From the Variability plot above, most of the sample variances are on or close to the lower control limit (LCL) while they are very far from the upper control limit, which means that the variability (the variances of the observation from the mean) is in control. Thus, the Hotelling T 2 can be plotted to see if the process is actually in control. From the Hotelling T 2 plotted above also, it can be seen that all the plot point fall within the UCL and LCL, which means that it can be concluded that the fill height and level of Co 2 of STAR is under control. The R code was used for the analysis of STAR.

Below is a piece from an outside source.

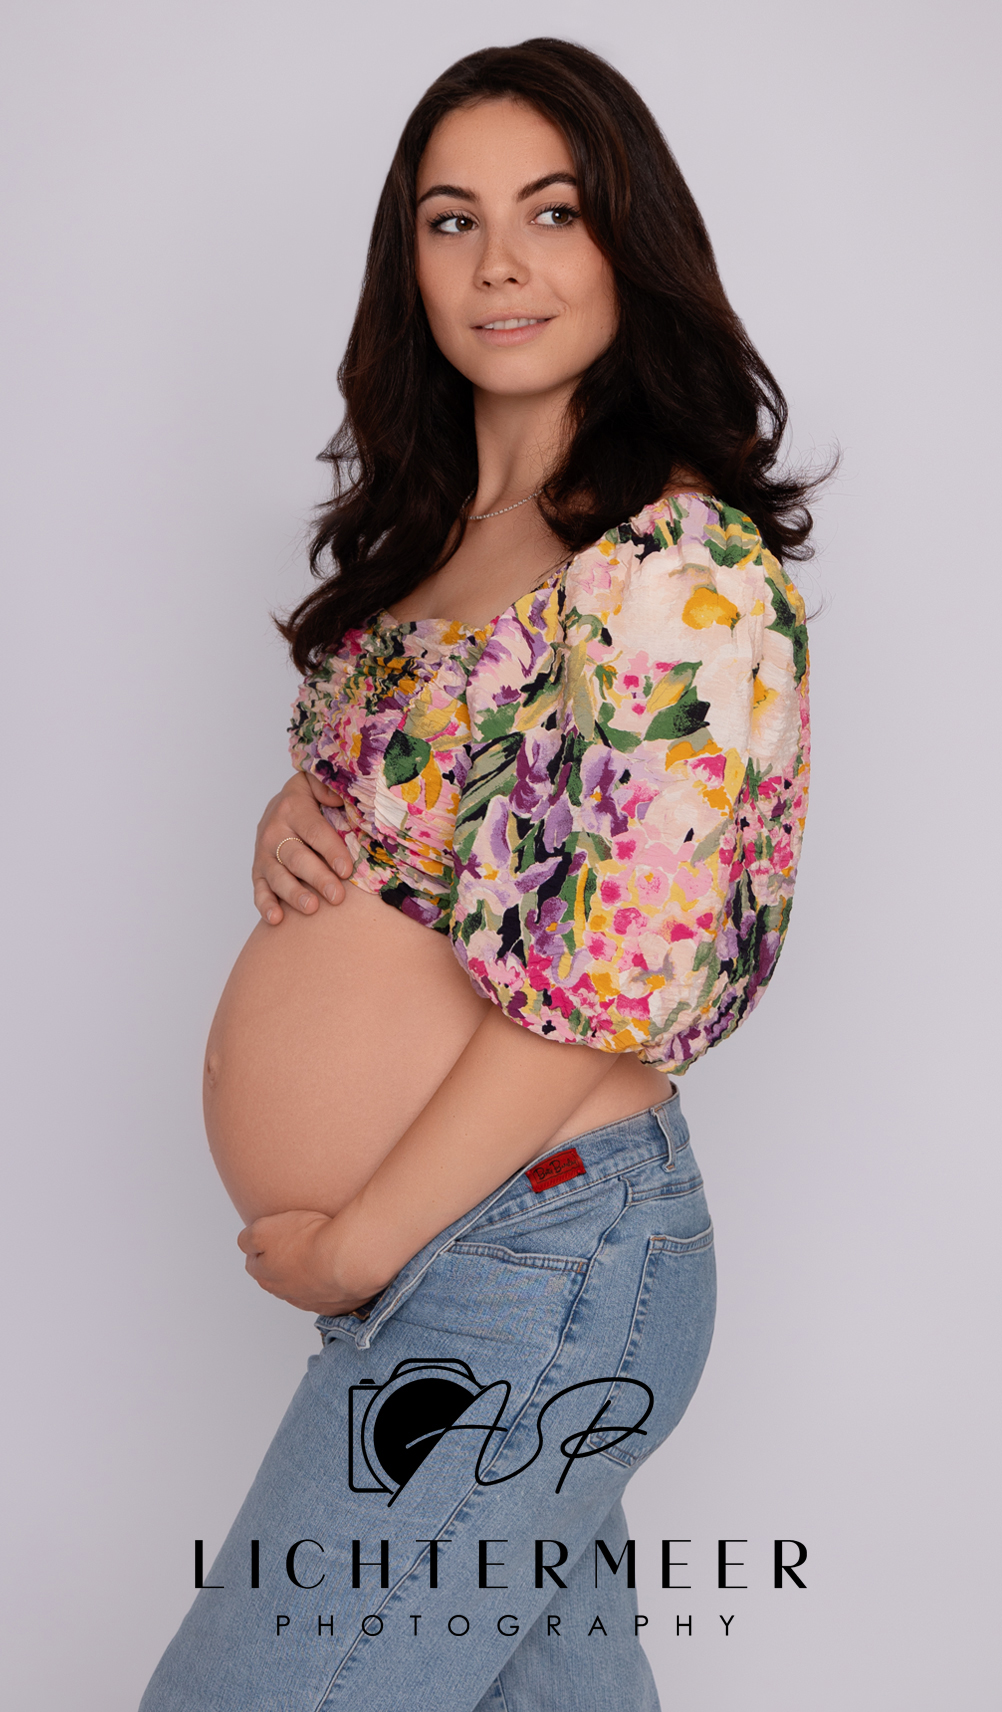 Schwangere Frau in schöner Pose fotografiert wurde

The fill height of MALTINA refers to the height of the liquid content in a bottle of a MALTINA. And the co 2 level refers to the level of co 2 in each bottle of MALTINA. There can be cases of low fill, high fill and normal fill. The normal or standard fill height of MALTINA of the company is 60cl. And the standard co 2 level of MALTINA is between (0.59-0.61%wt/wt). The tables below display analysis carried out using R on various readings on fill height and co 2 level that was observed at different times. Table2 shows the Variances and Covariances of the fill height and level of Co 2 of MALTINA and also the Hotelling T 2 and Variability of each of the 20 samples. The Grand mean, Variance-Covariance Matrix (s) for the control limit used in the Variability plot, and the control Limits for the Hotelling T 2 and Variability plot are represented in the table(s) below. From the Hotelling T 2 plotted above, it can be seen that all the plot point fall within the UCL and LCL, which means that the fill height and level of co 2 of MALTINA is under control.

The fill height of GOLDBERG refers to the height of the liquid content in a bottle of a GOLDBERG. And the co 2 level refers to the level of co 2 in each bottle of GOLDBERG. There can be cases of low fill, high fill and normal fill. The normal or standard fill height of GOLDBERG of the company is 60cl. And the standard level of co 2 GOLDBERG is between (0.62-0.64%wt/wt). The tables below display analysis carried out using R on various readings on fill height and co 2 level that was observed at different times. From the Hotelling T2 plotted above also, it shows that all the plot point fall within the UCL and LCL, which means that the fill height and level of Co of GOLDBERG is under control.

Based on the results obtained from the analysis so far for all the drinks considered, none of the characteristics examined and analyzed fall within the control which invariably means we do not have sufficient evidence to reject the null hypothesis hence we Accept the null hypothesis for both the fill height and the level of Co2.

V.

The results obtained from the method used show that the components for the production of the beer under consideration(fill height and level of Co2) shows that the variability of the three products are in control, and this information helped in proceeding to check if the two quality characteristics are in control, also, using the Hotelling T2 control chart of Sub grouped data, the values were all within the lower and upper control limit for the three products, which helps to affirm the fact that the quality characteristics of STAR, MALTINA AND GOLDBERG are in control. This shows that the Quality Control Unit of the Company should not relent in carrying out their test on the products, all these will help the company to maintain the required standard and survive competition with other likely products from other company.